Kirsty : "Was I the best?"
James : "Better than anyone."
*snog snog*

Yes, that's right, I could HEAR them snogging. Disgusting.

So I'm terrible at modelling, ugly, and I suck at playing bass, which is what I do best. But I'm more angry about Kirsty saying that about my friends - obviously nothing bad about Justin, because he's a bloke, but she was just plain catty about the others! Afraid that James might want them instead of her! Nick was on top form, as always, how dare Kirsty say that? And tho what if Melitha hath a thlight lithp? Doesn't mean she can't sing! James is so wrong when he says that Kirsty was better than anyone. Nick and Kaethe KICKED HER ARSE. They were the best there by a country mile.

I hate James. I hate him. I HATE HIM!

Make Notes

14th January, 2006. 9:53 am.

Goal : Flame-haired temptress.
Result : Flame-haired, as if my hair's on fire.

That hair gunk straightened my hair alright. The only problem (and this is a BIG problem) is, I look like a cross between a lioness and a freakshow freak. It straightened it, but it's sticking out everywhere! ARG!

We're drastically trying to find a solution to this. Melissa suggests adding some blonde bits at the ends so that it looks smaller under the light, gelling some of it down into a fringe, scooping it up into my usual pigtails and adding a nice tiara, plus wearing some extra diamonds and more make-up than Nick's mum (and she wears LOADS) to detract attention from my hair. Kaethe and Nick both suggest leaving it like that - Ketz because she thinks that looking mad is good (she is really, really mad), Nick cuz it's dark in Kaethe's basement and nobody will notice, and do I really want to be a model anyway? Jus suggests a very large hat. Being as Melissa's amazing at doing hair and make-up, I'll do her way first, and if it doesn't work then Justin's way sounds good.

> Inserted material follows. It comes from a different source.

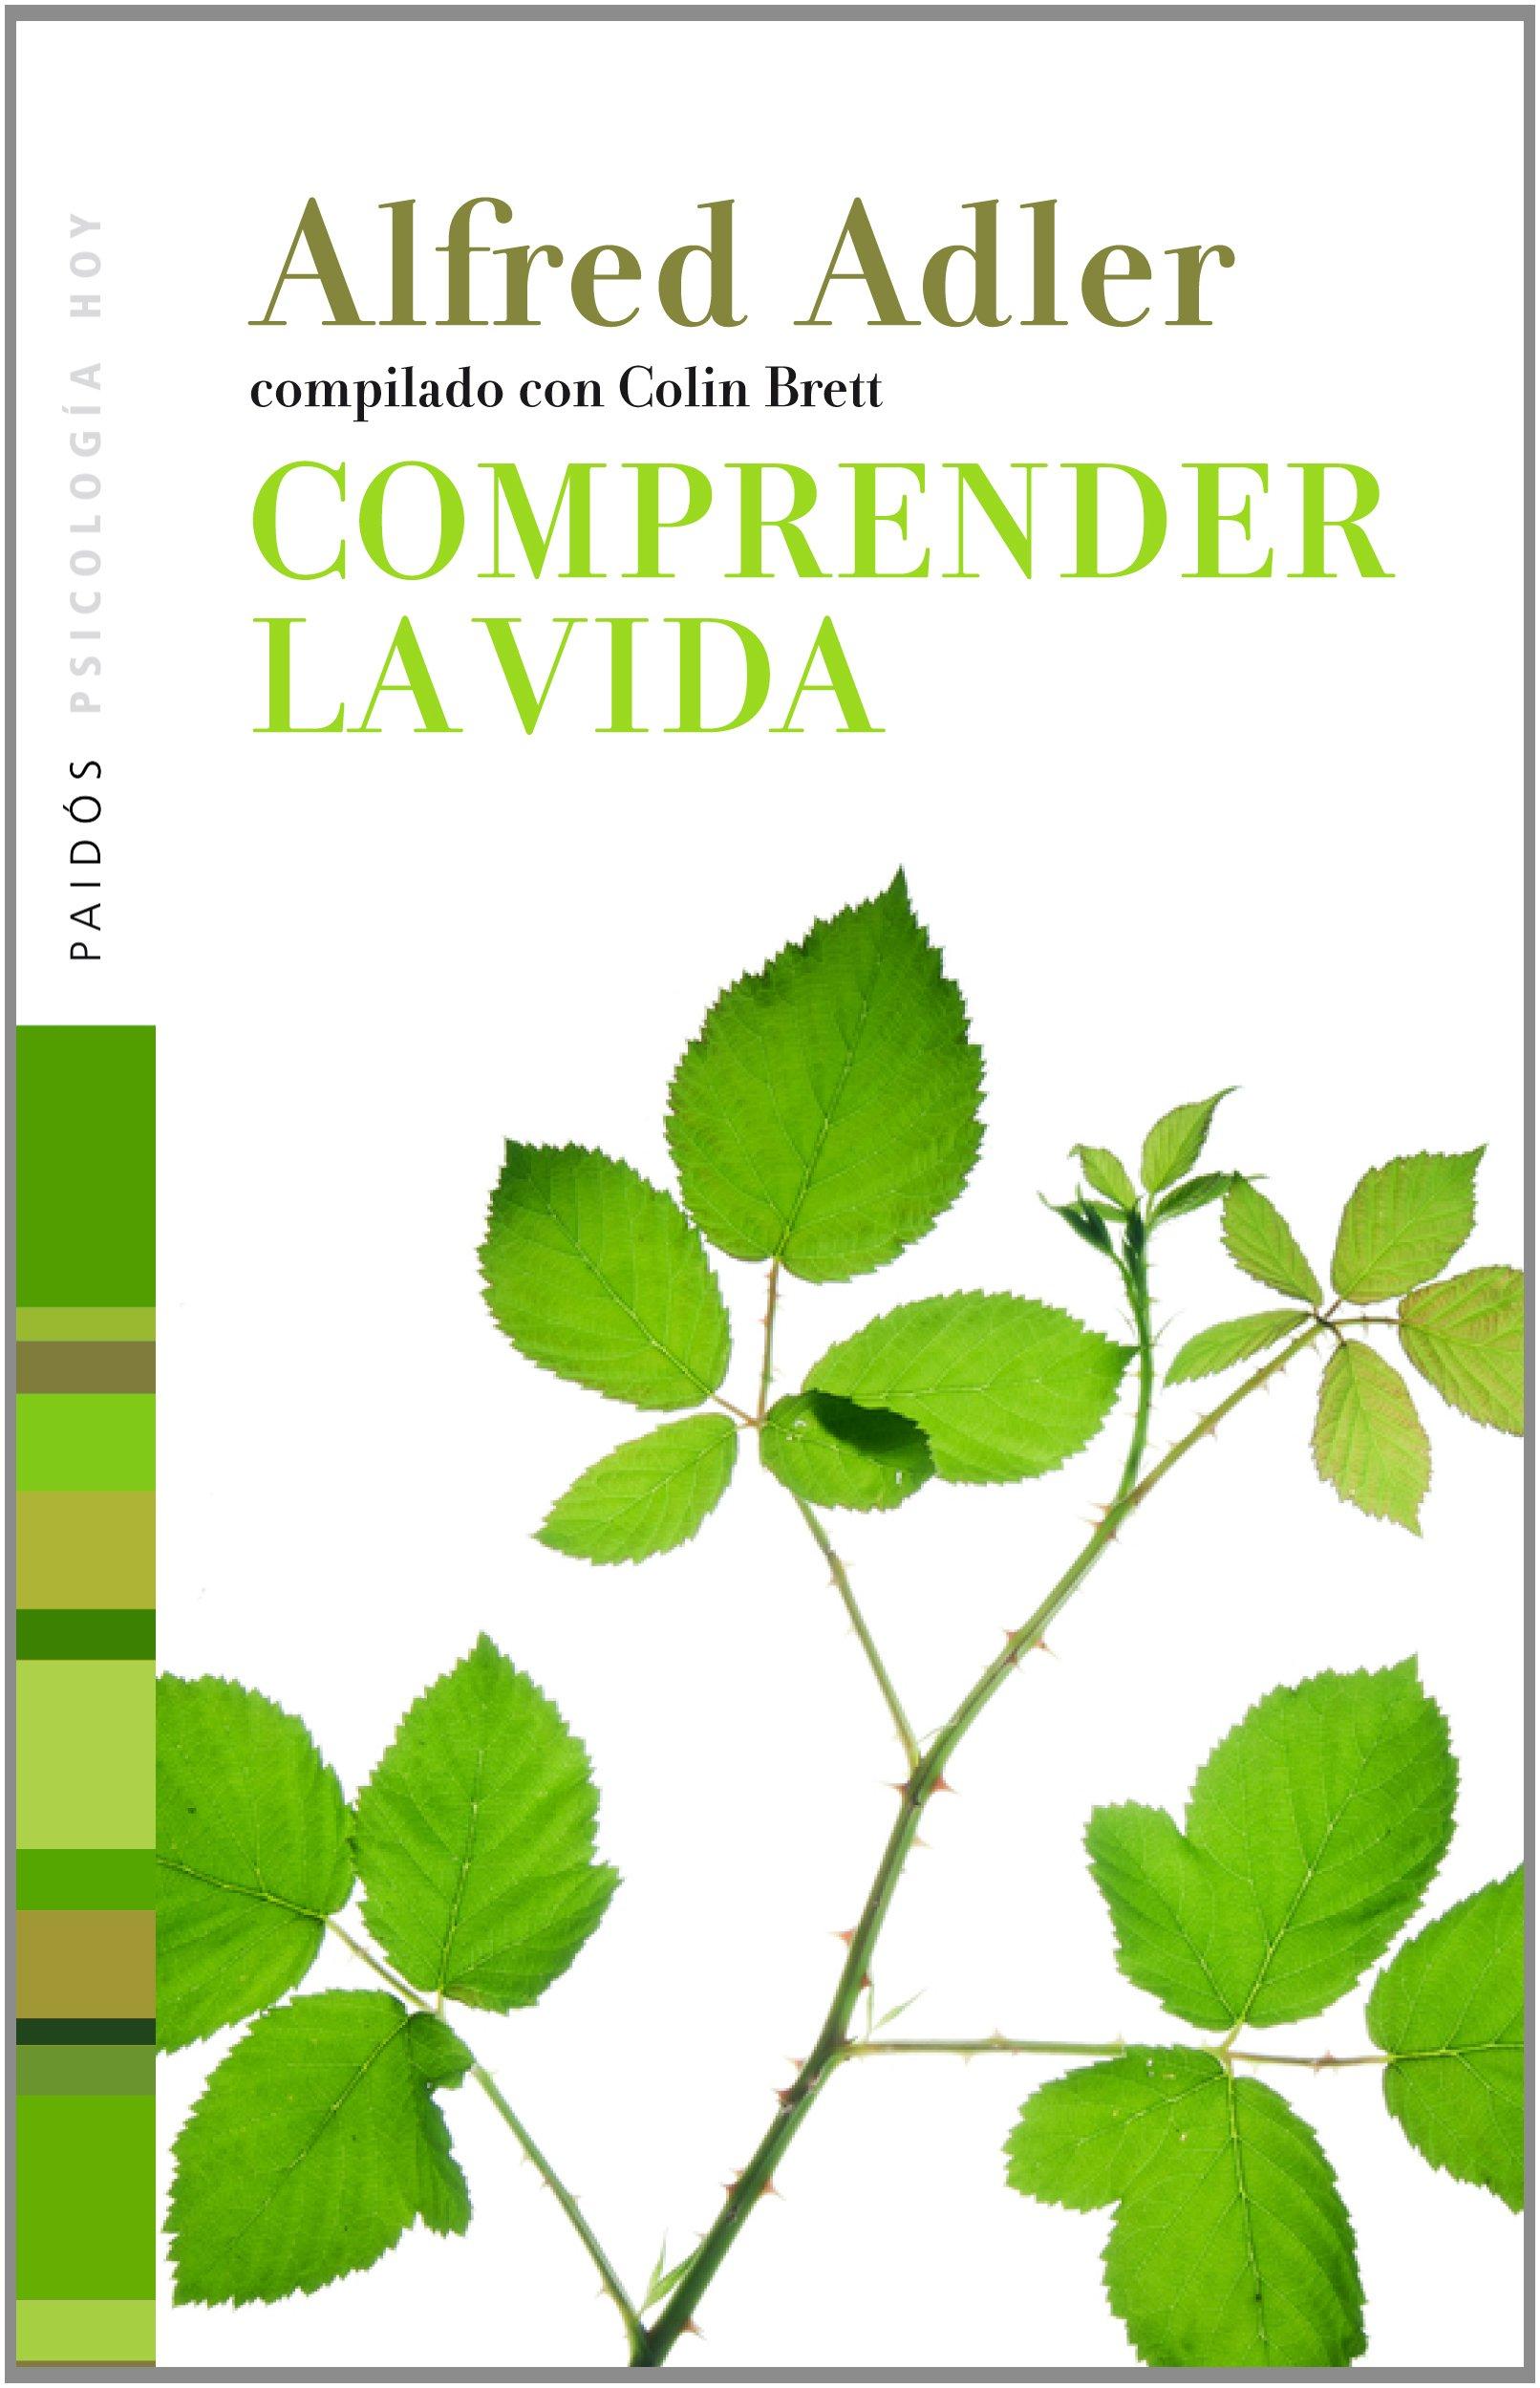 Resultado de imagen para 4.- COMPRENDER LA VIDA...Alfred Adler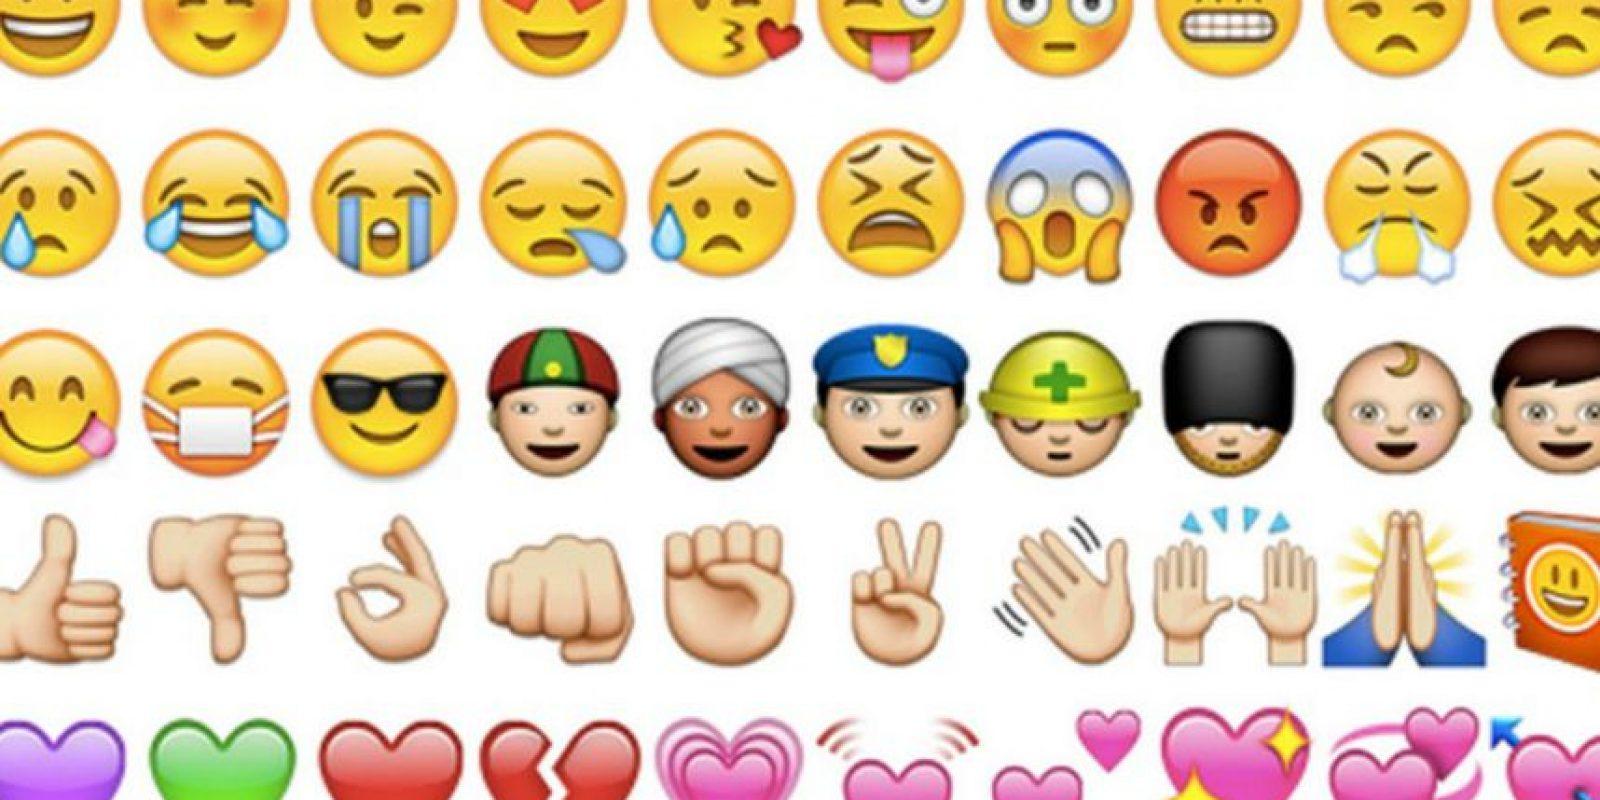 Los emojis también funcionan para mostrar sus malestares. Foto:Pinterest

Melissa's annoyed that she can't come with us, and her parents are driving her down. Nick's mum's car barely ever works, so we all have to go on the train - Melissa's parents won't have it. Apparently, it's dangerous. What, in broad daylight? When Melissa herself is pretty big and burly for such a delicate-acting girl, plus is a blue belt in karate? When Nick, who got detention last year for knocking Janet out with a hockey stick, and got suspended last term for knocking Big Dave's tooth out (and Big Dave lives up to his name - he's not fat like Fatshawe, he's a bodybuilder), is with us? When we've got Nick's mum here, who can make anyone jump out of their skin and run away crying if she gives them one of her many Evil Looks (trust me, she is the World's Scariest Person!)? Honestly. They just don't trust the girl.

Got to go - Melissa's done with the easy bit (sorting out Kaethe's make-up, not that she needs it to look like a superstar), now for the hard part - my massive hair.